设数列{an}满足a1=1, an=(4an-1 +2)/(2an-1 +7) ,则通项xn=?
问题描述:
设数列{an}满足a1=1, an=(4an-1 +2)/(2an-1 +7) ,则通项xn=?
答
an=[4a(n-1)+2]/[2a(n-1)+7]
an+2=[4a(n-1)+2+4a(n-1)+14]/[2a(n-1)+7]
=[8a(n-1)+16]/[2a(n-1)+7]
=8[a(n-1)+2]/[2a(n-1)+7]
an -1/2=[4a(n-1)+2-a(n-1)-7/2]/[2a(n-1)+7]
=[3a(n-1)-3/2]/[2a(n-1)+7]
=3[a(n-1)-1/2]/[2a(n-1)+7]
[(an +2)/(an -1/2)]/{[a(n-1)+2]/[a(n-1)-1/2]}=8/3,为定值.

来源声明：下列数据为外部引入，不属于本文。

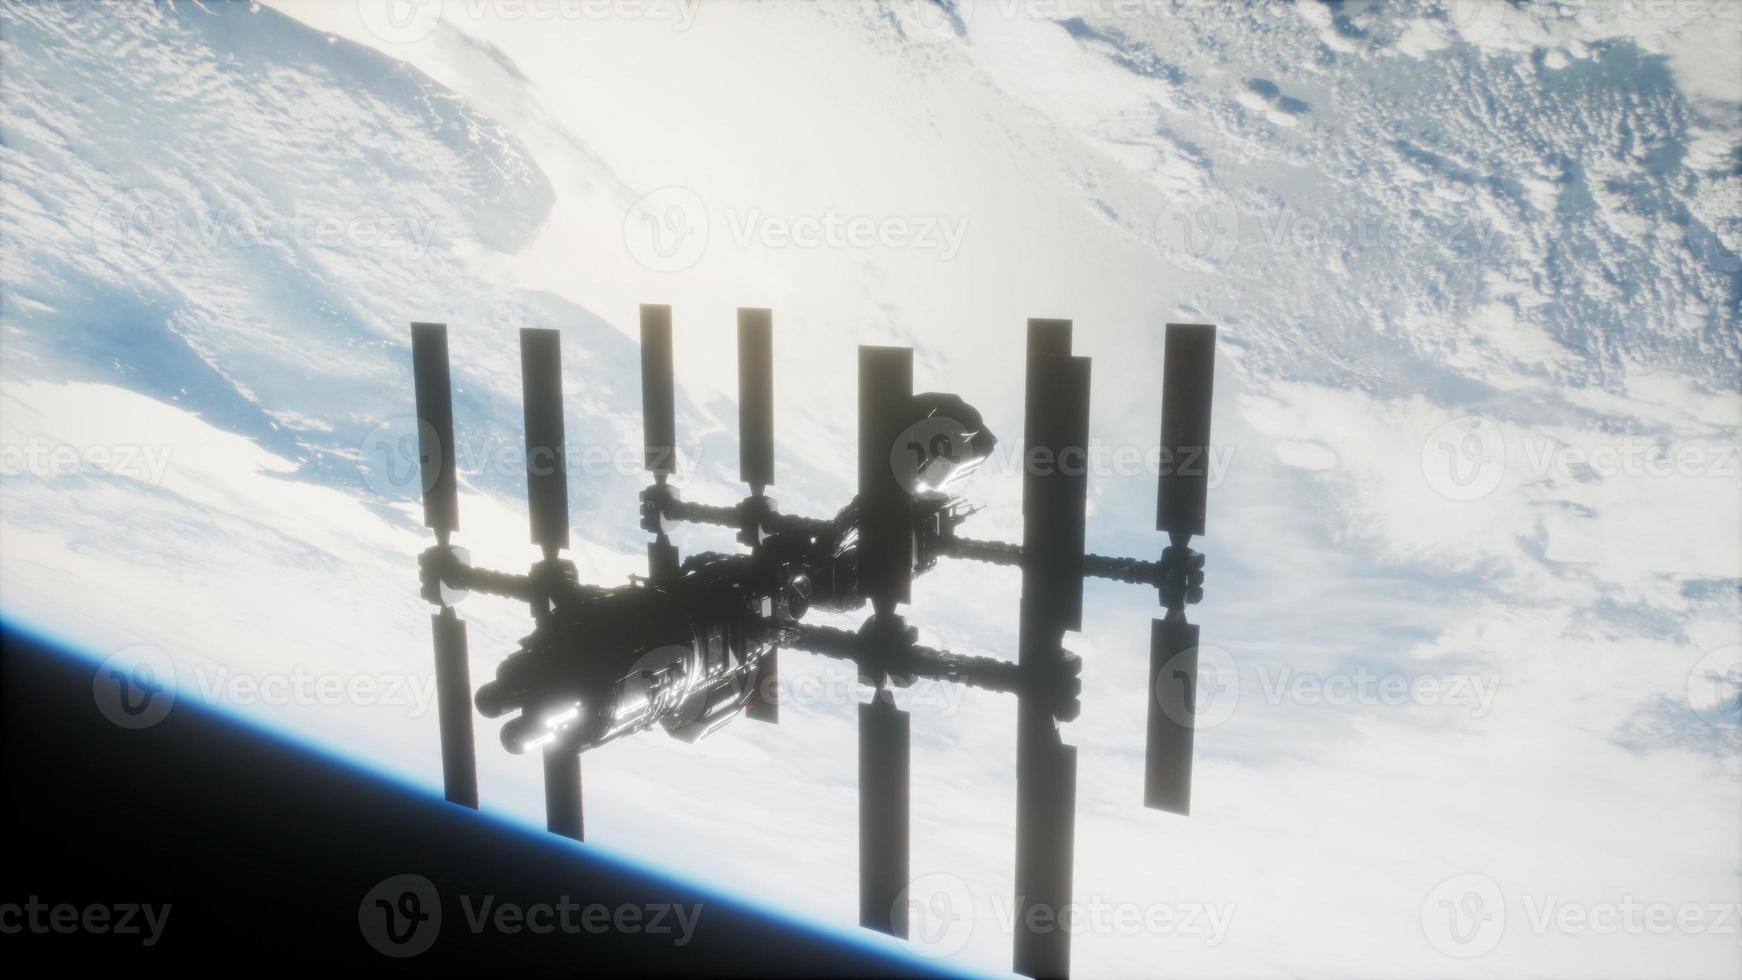 estación espacial internacional en el espacio ultraterrestre sobre el planeta tierra foto

(a1+2)/(a1-1/2)=(1+2)/(1-1/2)=6
数列{(an +2)/(an -1/2)}是以6为首项,8/3为公比的等比数列.
(an +2)/(an -1/2)=6×(8/3)^(n-1)
[6×(8/3)^(n-1) -1]an=3×(8/3)^(n-1)+2
an=[3×(8/3)^(n-1) +2]/[6×(8/3)^(n-1) -1]
=[3×(8/3)^(n-1) -1/2 +5/2]/[6×(8/3)^(n-1) -1]
=(1/2) +5/[12×(8/3)^(n-1) -2]
=(1/2) +5/[2^(3n-1)/3^(n-2) -2]
n=1时,a1=(1/2) +5/[2²/3^(-1) -2]=(1/2)+5/10=1,同样满足.
数列{an的通项公式为an=(1/2) +5/[2^(3n-1)/3^(n-2) -2].